Problem to work on — Look through the entries below and extract exactly the lines from the one containing "Gotas de agua" through the one containing "Laper - Creative", ends included.

Material to process —
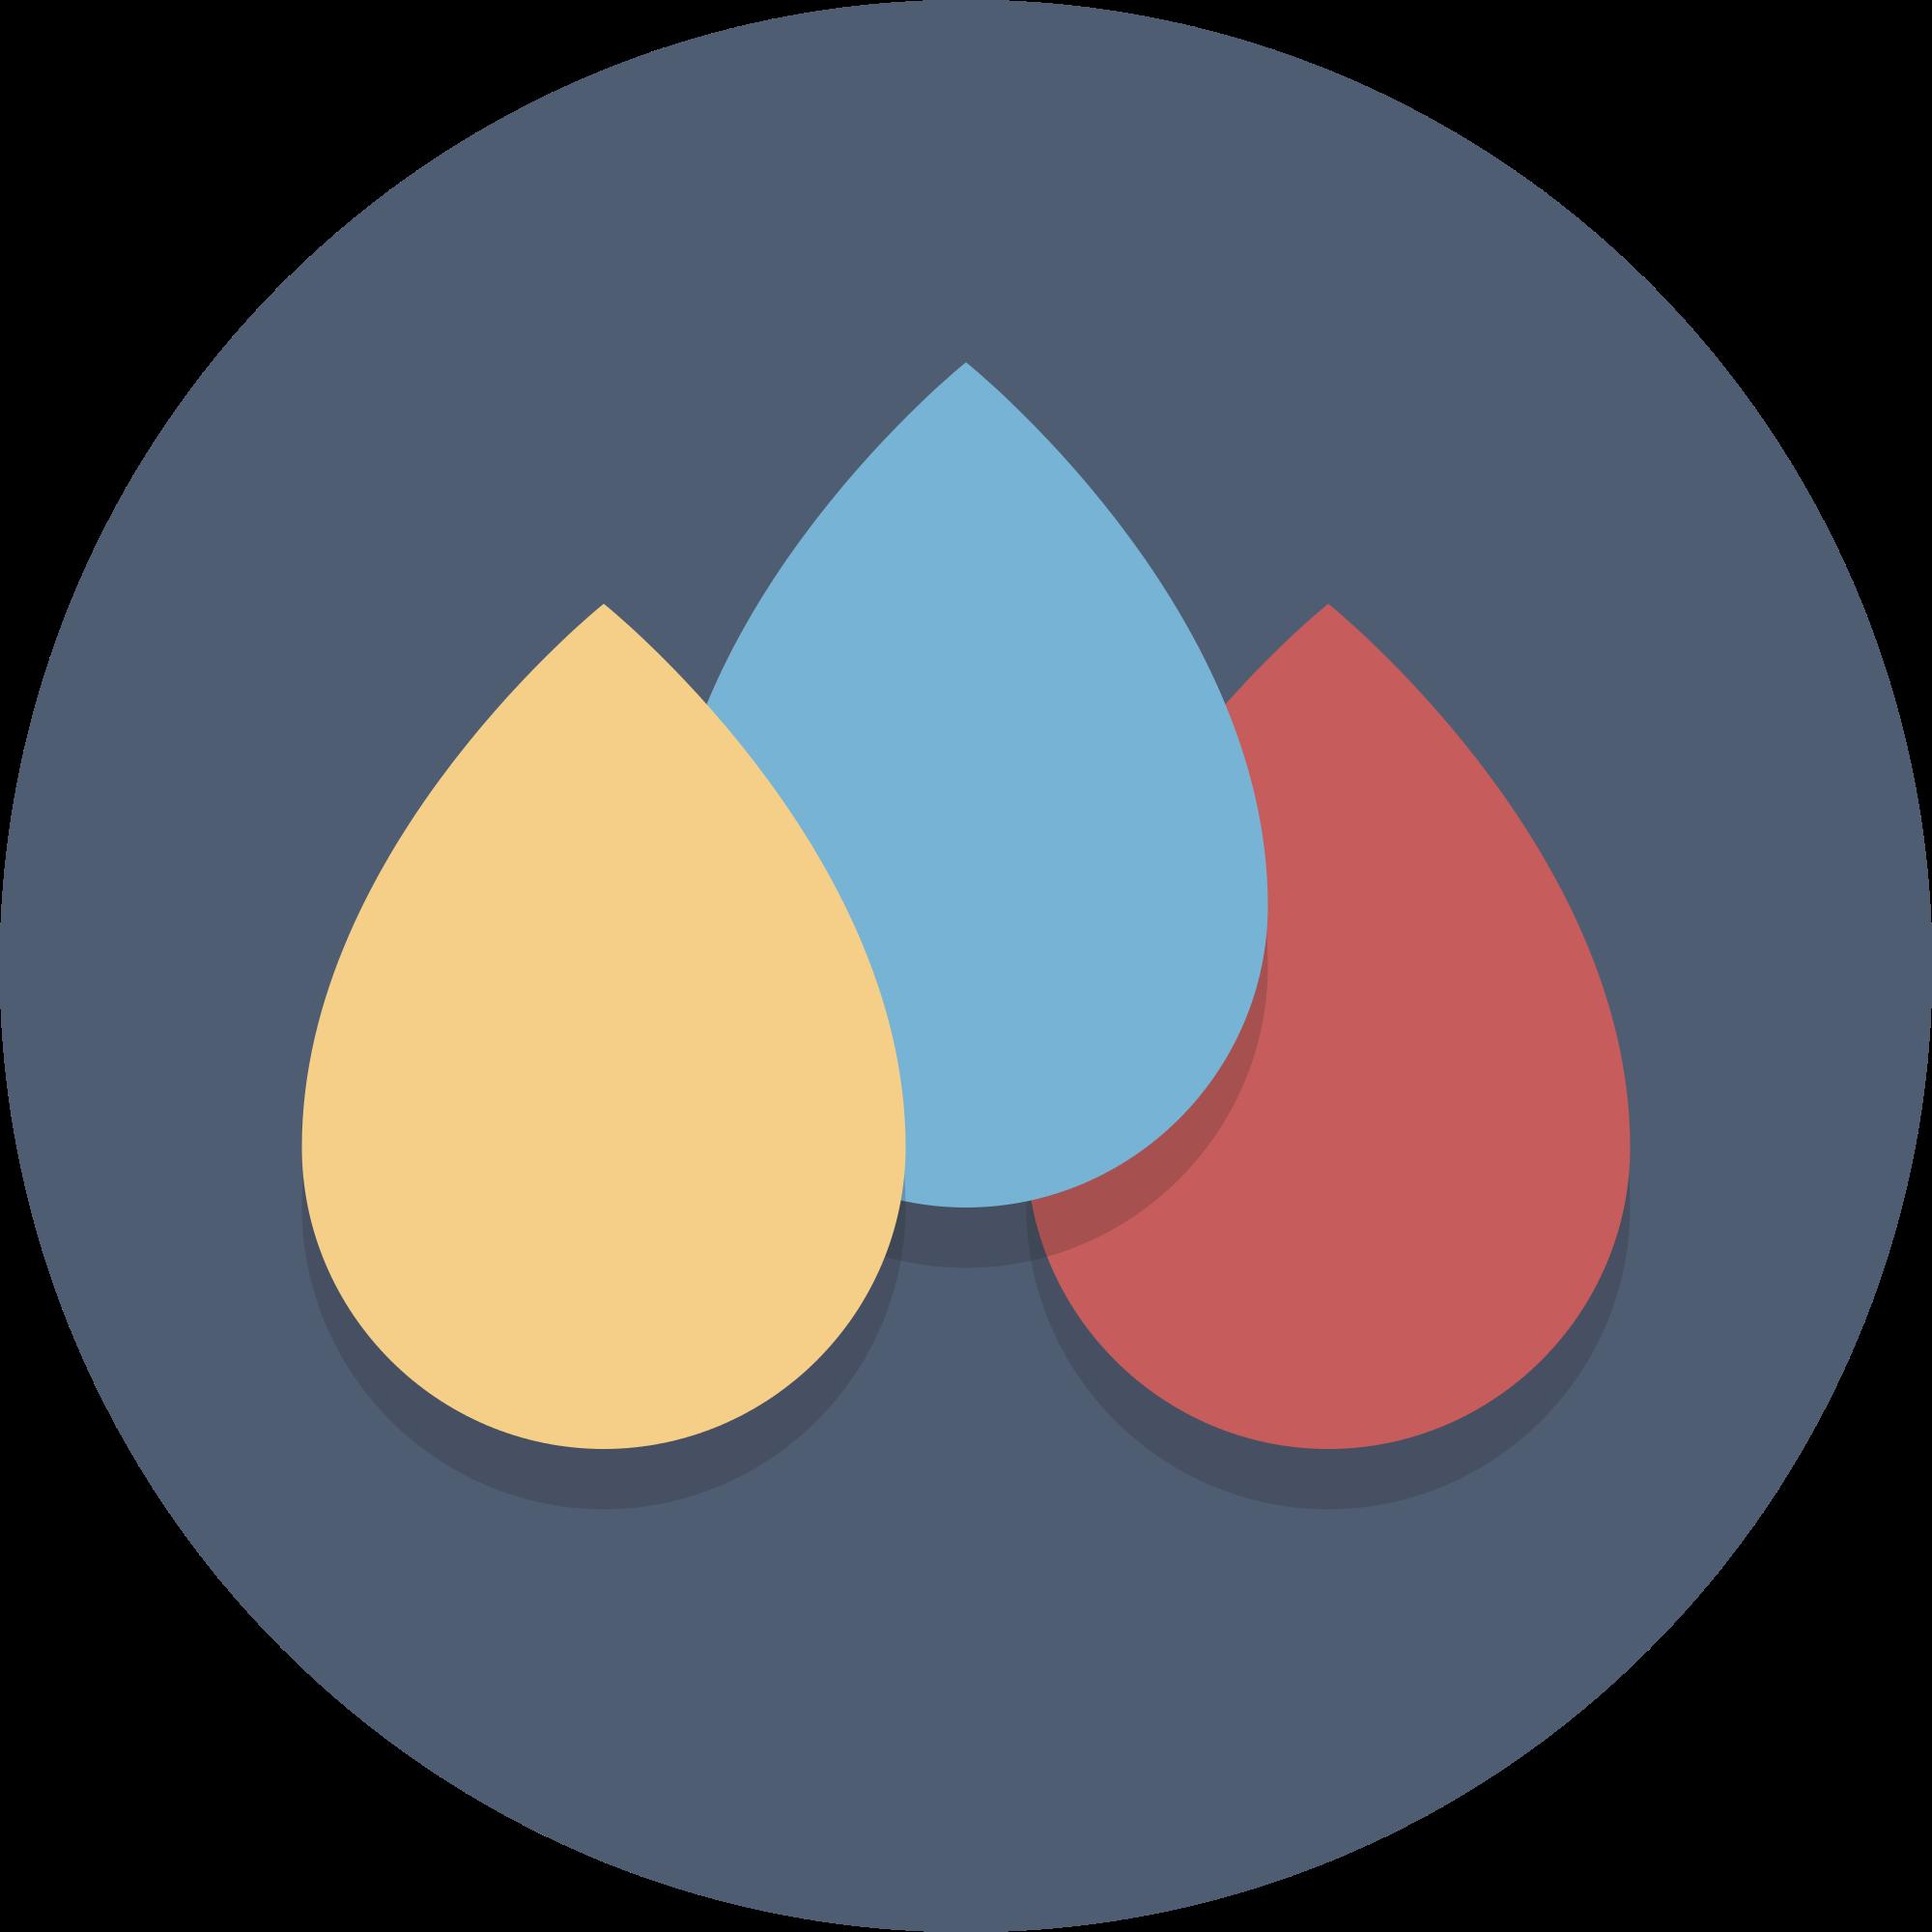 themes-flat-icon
* * *
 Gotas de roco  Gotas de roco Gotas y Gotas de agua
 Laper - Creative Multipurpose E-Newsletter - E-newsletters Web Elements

Result of the exercise —
 Gotas de roco  Gotas de roco Gotas y Gotas de agua
 Laper - Creative Multipurpose E-Newsletter - E-newsletters Web Elements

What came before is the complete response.